In Louis Michels Entwicklungsabteilung hingegen herrscht die Ansicht vor, es werde höchste Zeit, dass die EU ihre Beziehungen zu Havanna normalisiert, bevor Europa dort vollständig abgehängt wird. Noch ist zwar die EU Kubas größter Handelspartner, nicht der benachbarte Mercosur. Doch das könnte sich genau so schnell ändern wie die politische Landschaft Lateinamerikas, wo sich die Frontstellungen aus Zeiten des Kalten Krieges auflösen. Ohnehin schienen die EU-Sanktionen gegen Kuba eher kontraproduktiv; auch bei Anhörungen im EU-Parlament Anfang des Jahres hieß es, sie stärkten allenfalls die Betonköpfe, während sie die Reformer im komplizierten politischen Gefüge des Inselregimes eher behindert hätten.

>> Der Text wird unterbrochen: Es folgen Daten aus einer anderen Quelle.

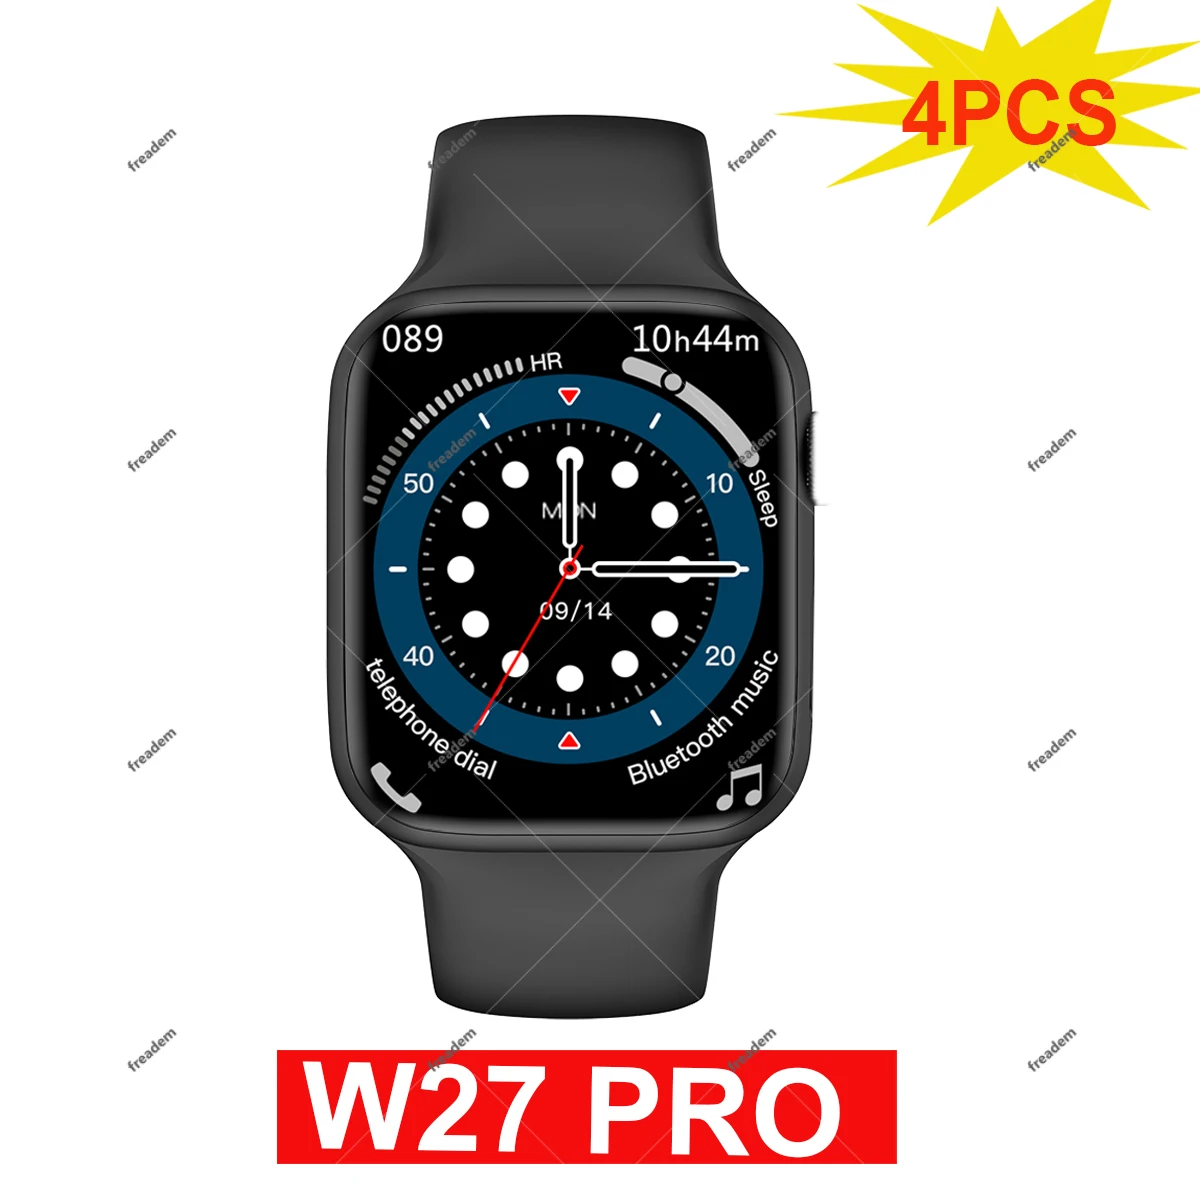 4PCS W27 PRO Smart Watch

Unterdessen vollzieht sich still und leise ein weiterer Wandel in Kubas auswärtigen Beziehungen: das Verhältnis zu China. Zwar hatte Fidel Castro schon einmal 2004 einen ersten Besuch vom chinesischen Präsidenten Hu Jintao, was damals als deutliches Zeichen für Tauwetter nach der jahrzehntelangen Eiszeit zwischen beiden Ländern gedeutet wurde. Inzwischen ist China zweitgrößter Handelspartner Kubas, und angesichts des pompösen Empfangs Hus zu einem zweitägigen Staatsbesuch im November rieben sich einige Europäer dann doch die Augen.